Red sky at morning, sailors take warning.
- from an ancient rhyme often repeated by mariners
It's almost morning in the Trump administration and I see a red sky!
Tax reform is a recurring threat in DC. Every politician that runs calls for tax reform and every incumbent up for reelection calls for tax reform. It's a standard line in every candidate's stump speech. There's been much lip service paid to the topic and very little elbow grease expended.
That could be changing. It would appear that the Republican Congress and the Trump administration are both serious this time - as in they want real tax reform!

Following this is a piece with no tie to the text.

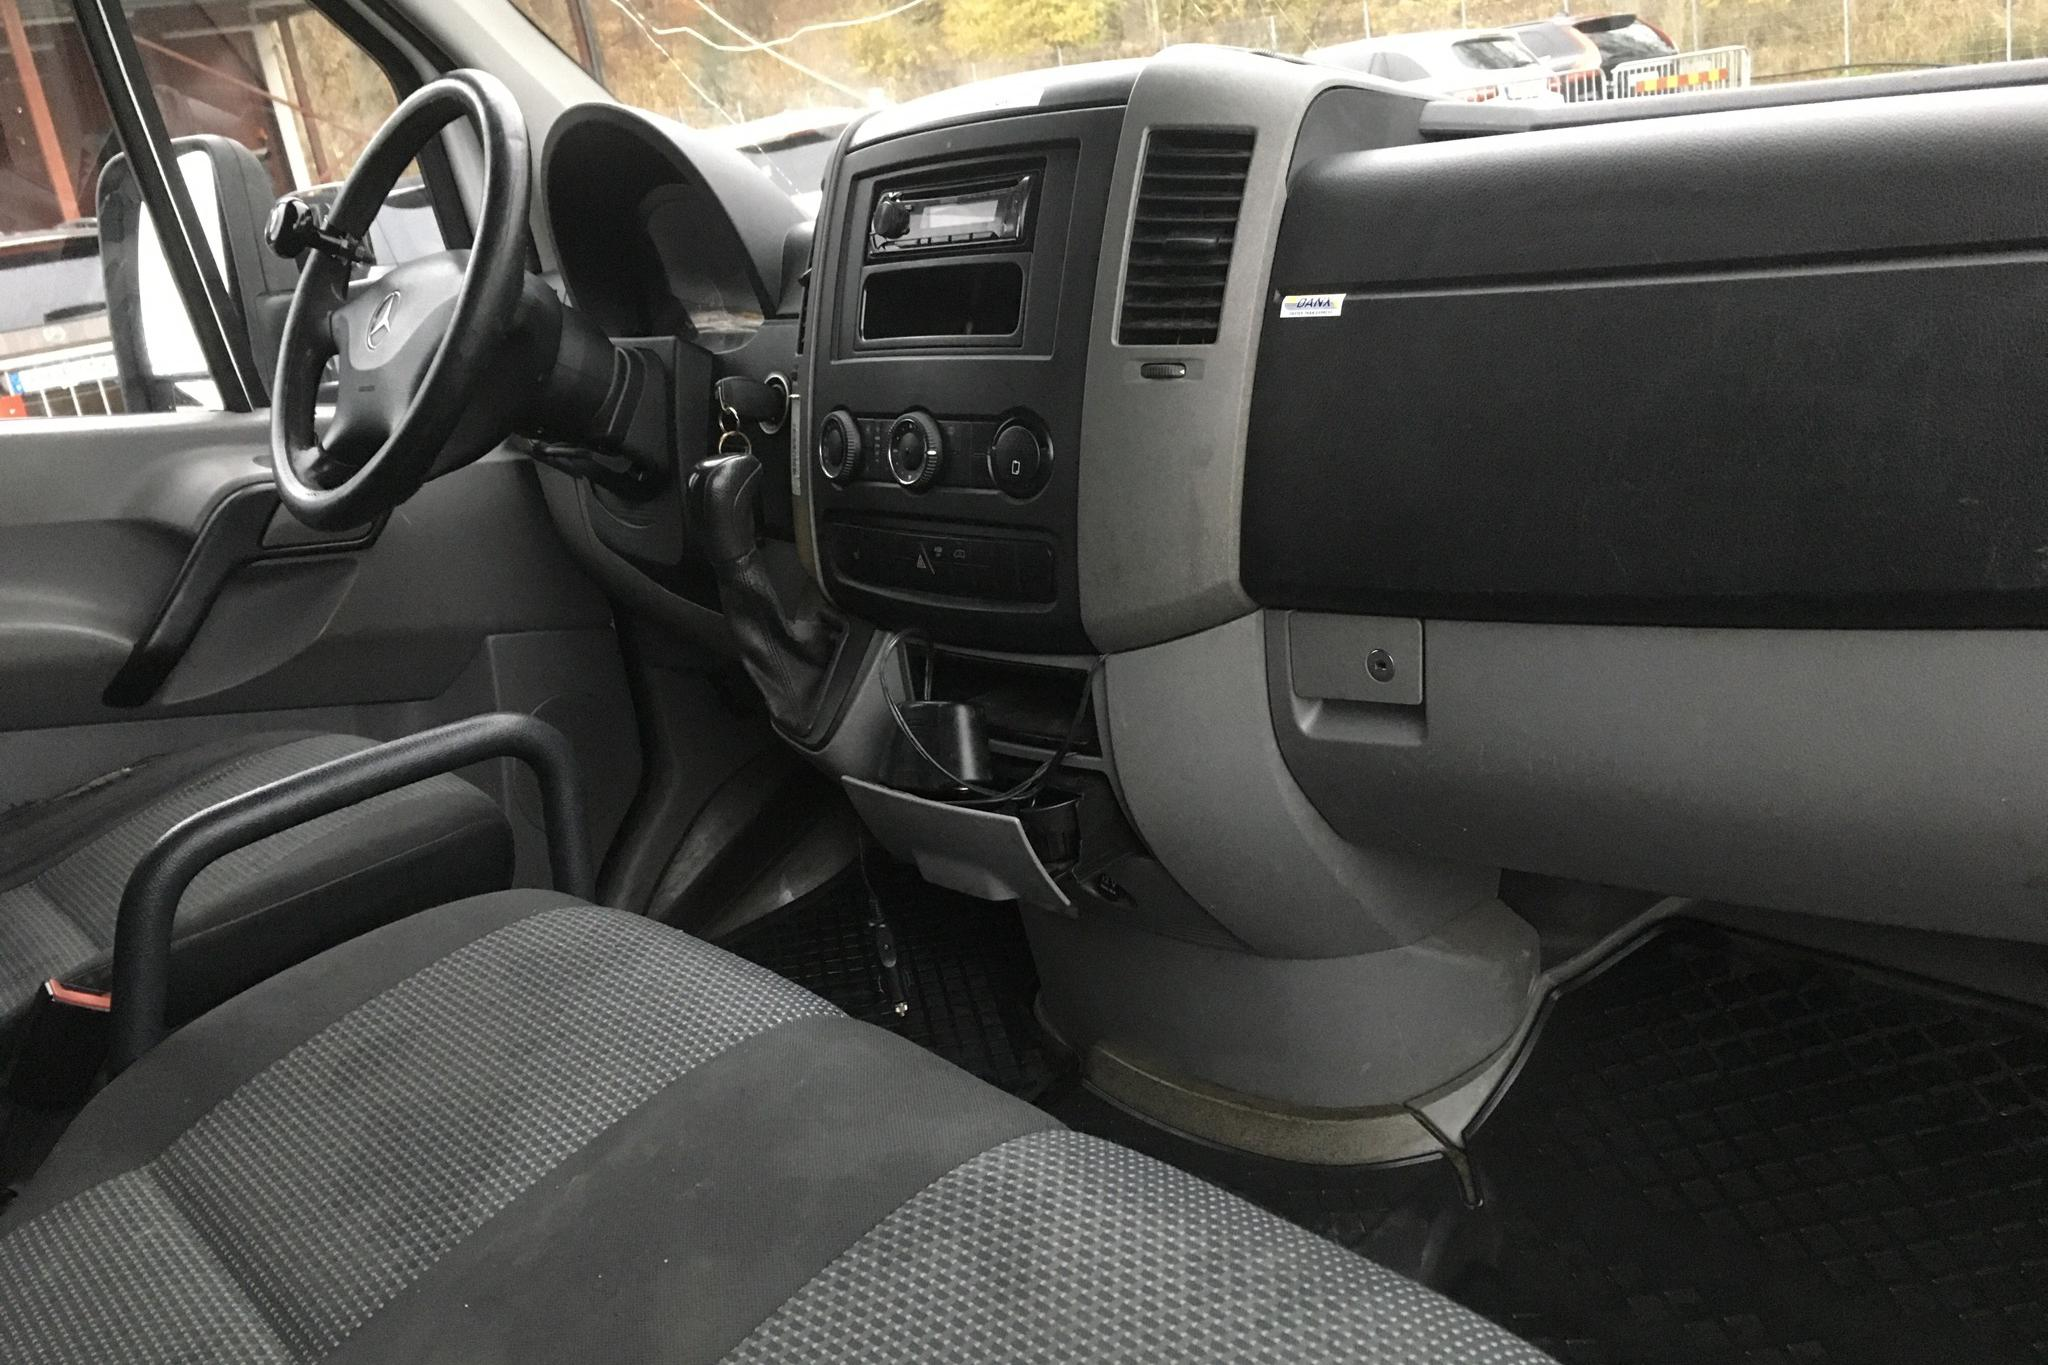 Mercedes Sprinter 319 CDI Pickup/Chassi (190hk) - 491 580 km - Automatic - white - 2011

House Ways and Means Chairman Kevin Brady (R-Texas) released a "Tax Reform Blueprint" in July 2016 that outlined the general provisions of a comprehensive tax reform package. When the new Congress convenes in January, the House Ways and Means Committee, the Senate Finance Committee, and the Trump Administration will begin developing the actual text for a tax reform bill.
Here's where it gets complicated...One of the provisions included in the Tax Reform Blueprint, the “Border Adjustment Tax” (BAT), has generated significant concern among several industries, including the automotive sector. The BAT is not a tariff. Tariffs are taxes imposed on specified imported products (e.g., the 25% chicken tax imposed on the import of light pickup trucks since 1963).
The House Republican proposal (including the BAT) would modify business income taxes in several ways: reduce the rate from 35% to 20%; accelerate depreciation schedules, eliminate all interest deductions; exempt the cost of exported goods from the taxable receipts subject to income tax (they would be taxed in the jurisdiction in which they were sold); and disallow the cost of any imported goods as a deductible business expense.